- **What is being asked**:
When the listing below reaches the line that has "Lot 132: Gorham Coin Silver Cruet", start reproducing exactly; stop after the line that has "Mascord House Plan 2206C: The Sterlington", and drop the pictures.

** Opening Records supplied block **

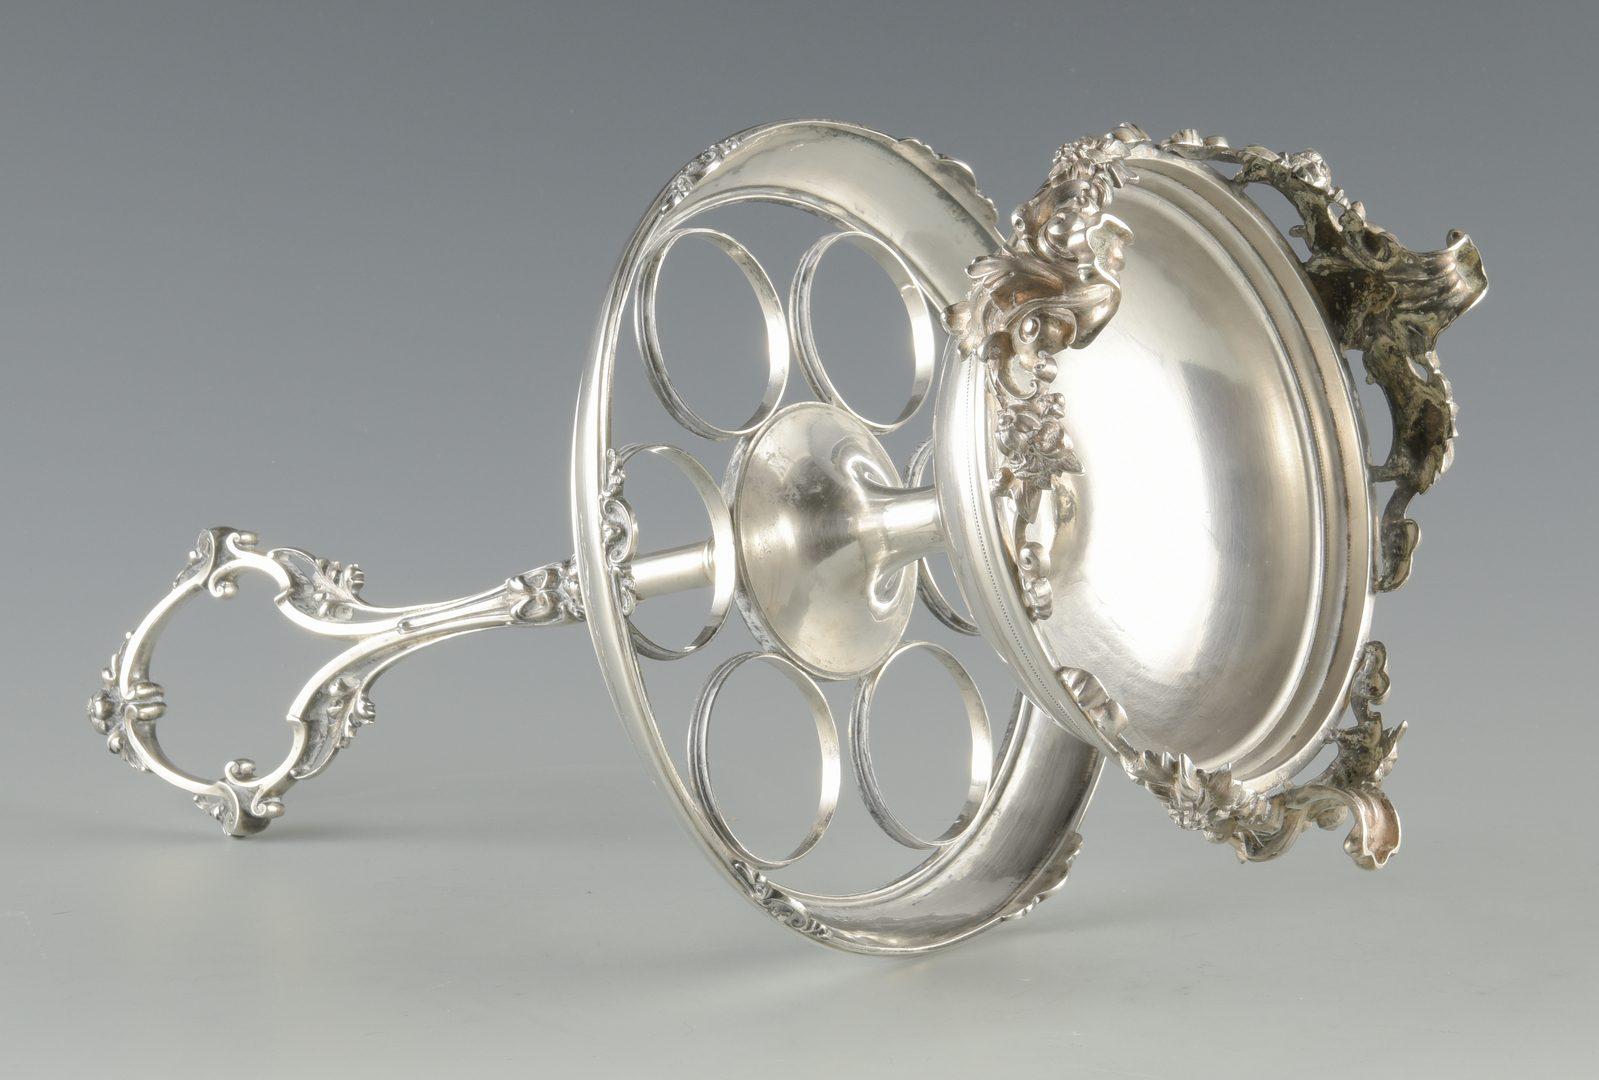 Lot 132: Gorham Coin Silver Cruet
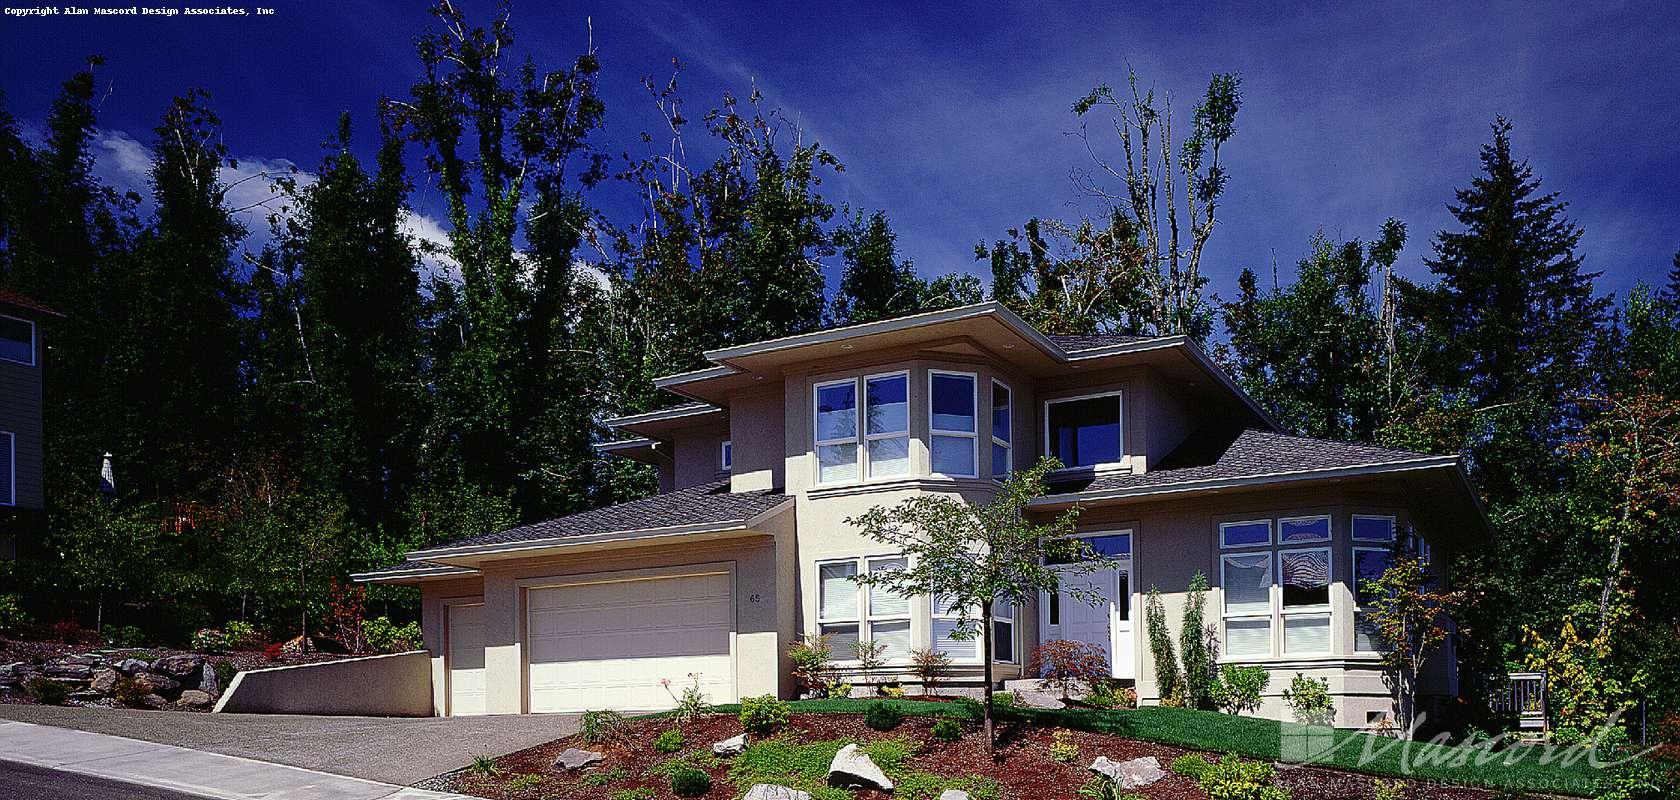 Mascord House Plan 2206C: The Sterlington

** Closing Records supplied block **
** Opening Records supplied block **

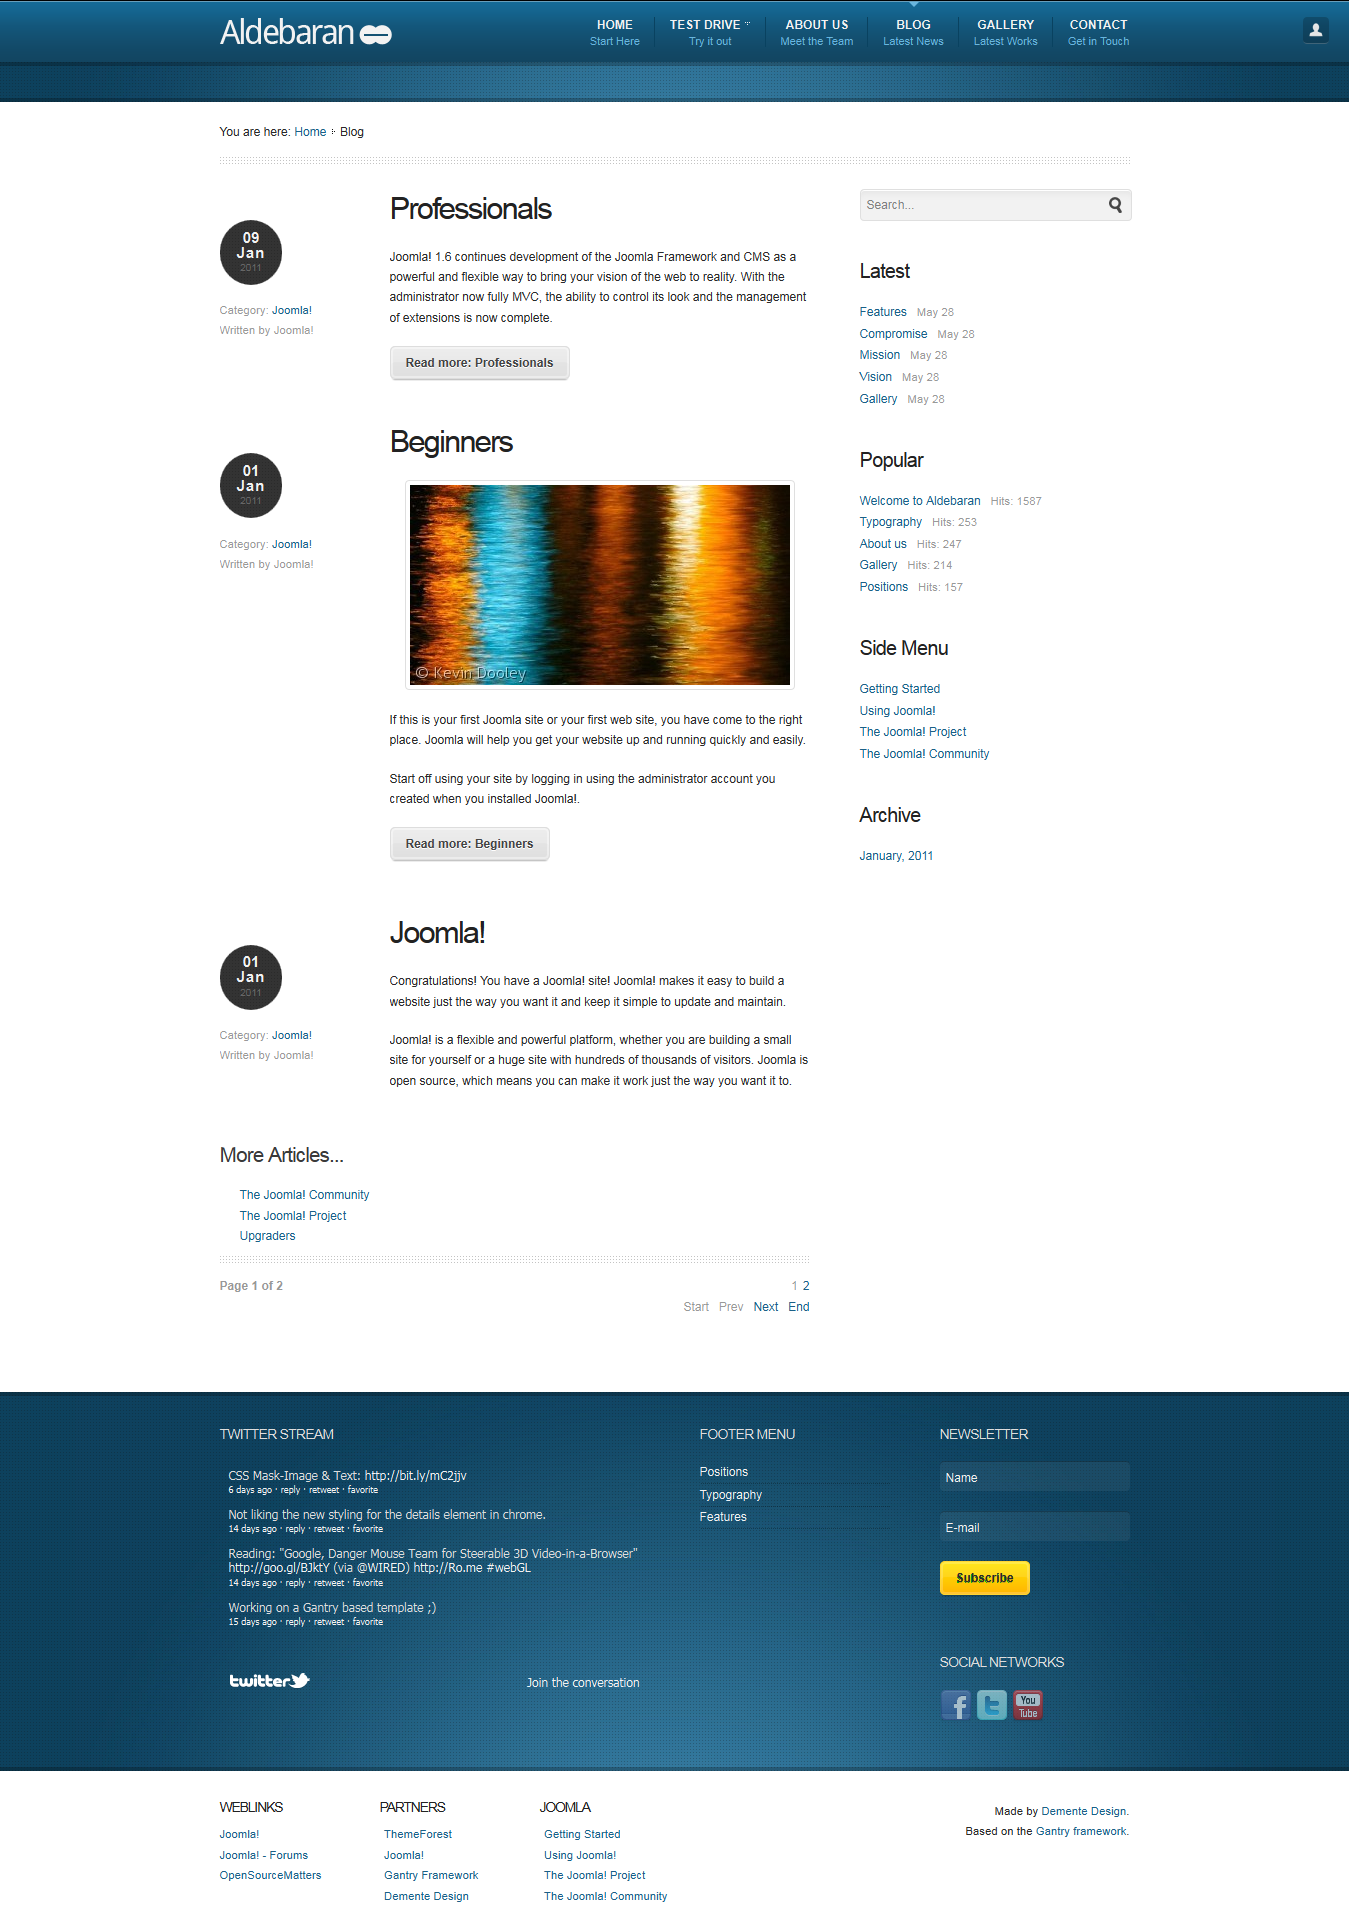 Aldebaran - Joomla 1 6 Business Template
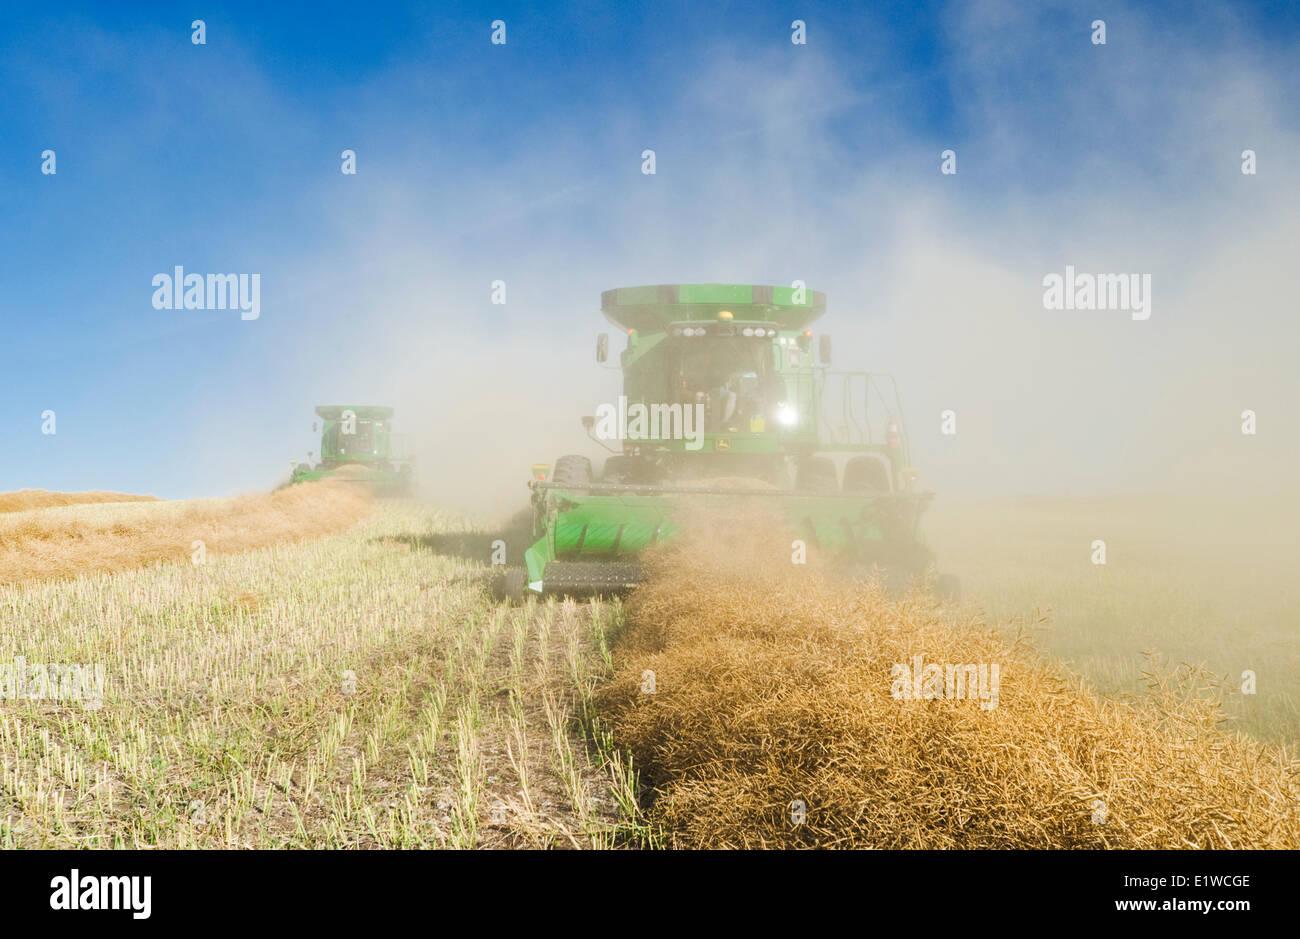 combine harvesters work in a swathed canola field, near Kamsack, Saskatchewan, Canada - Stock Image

** Closing Records supplied block **

- **Exercise result**:
 Lot 132: Gorham Coin Silver Cruet
 Mascord House Plan 2206C: The Sterlington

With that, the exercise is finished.